Question

$22320$ cal of heat is supplied to $100g$ of ice at $0^{\circ }C$. If the latent heat of fusion of ice is $80cal{g}^{-1}$ and latent heat of vaporization of water is $540cal{g}^{-1}$, the final amount of water thus obtained and its temperature respectively are

• A. $8g,{100}^{\circ }C$
• B. $100g,{90}^{\circ }C$
• C. $92g,{100}^{\circ }C$
• D. $82g,{100}^{\circ }C$

Answer 1

The correct option is C $92g,{100}^{\circ }C$

Let, $L_f=$ Latent Heat of fusion,

$L_v=$ Latent Heat of Vaporization,

$s=$ specific heat, and

$d\theta =$ change in Temperature

To melt $100g$ ice at $273K$, heat required $=m{L}_f=8000cal$

To convert 100g water at 273K to 100g water at 373K:

Heat required $=msd\theta =100\times 1\times 100=10000cal$

To convert 100g water at 373K to steam at 373K, heat required = $m{L}_v=54000cal$

Thus, total heat required to convert 100g ice at 273K to 100g water at 373K is $8000+10000=18000cal$

But to convert the same quantity of ice to steam at 373K, heat required will be $72000cal$

The heat supplied is $22320cal$, therefore, all of ice is not converted to steam.

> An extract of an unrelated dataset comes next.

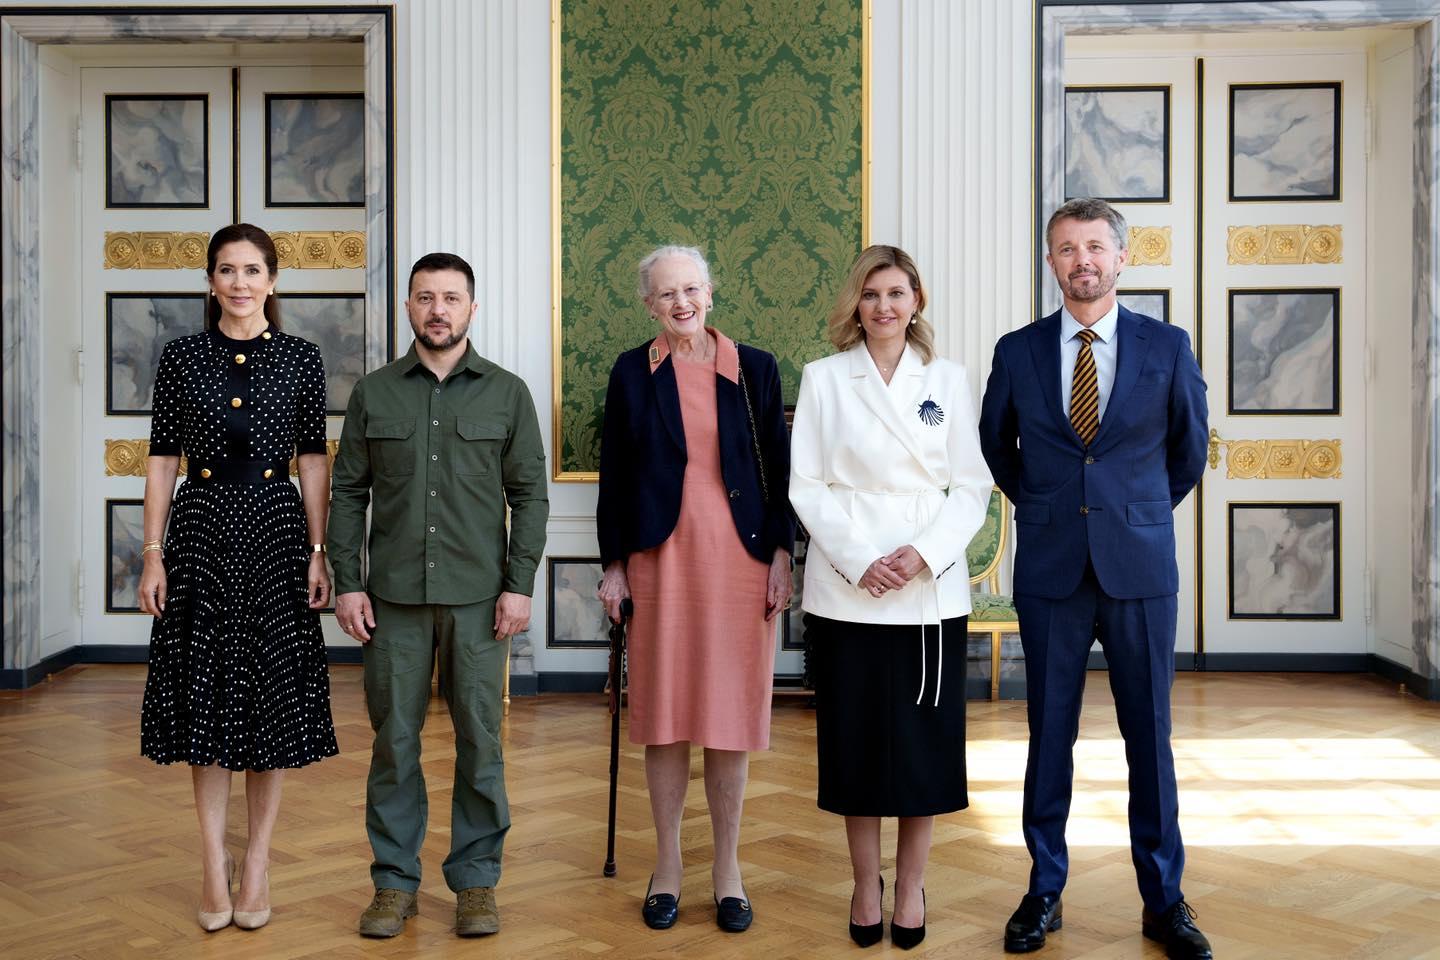 La famille royale danoise rencontre le président ukrainien/ Det danske kongehus
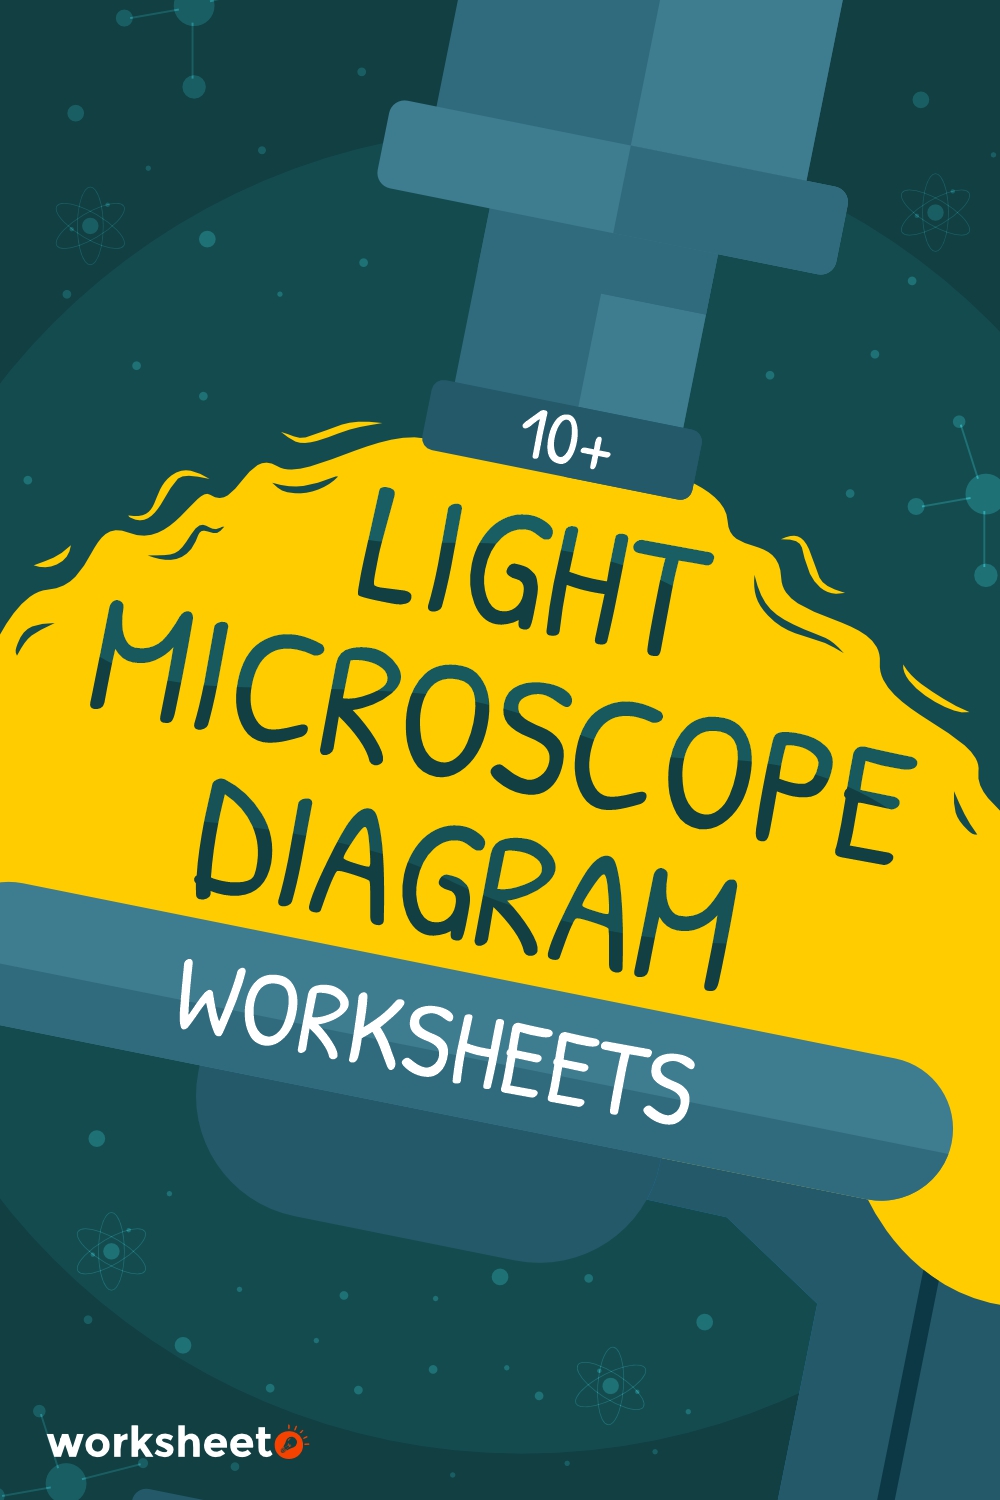 Light Microscope Diagram Worksheet

But all of it is necessarily converted to water at 373K first and then some of this water is converted to steam. The additional heat available after all ice has become water at 373K is $22320-18000=4320cal$.

Thus if $M$ grams of water is converted to steam then, $M{L}_v=4320\Rightarrow M=\frac{4320}{540}=8g$.

So, the final mixture is $92g$ water and $8g$ steam in equilibrium at $373K$.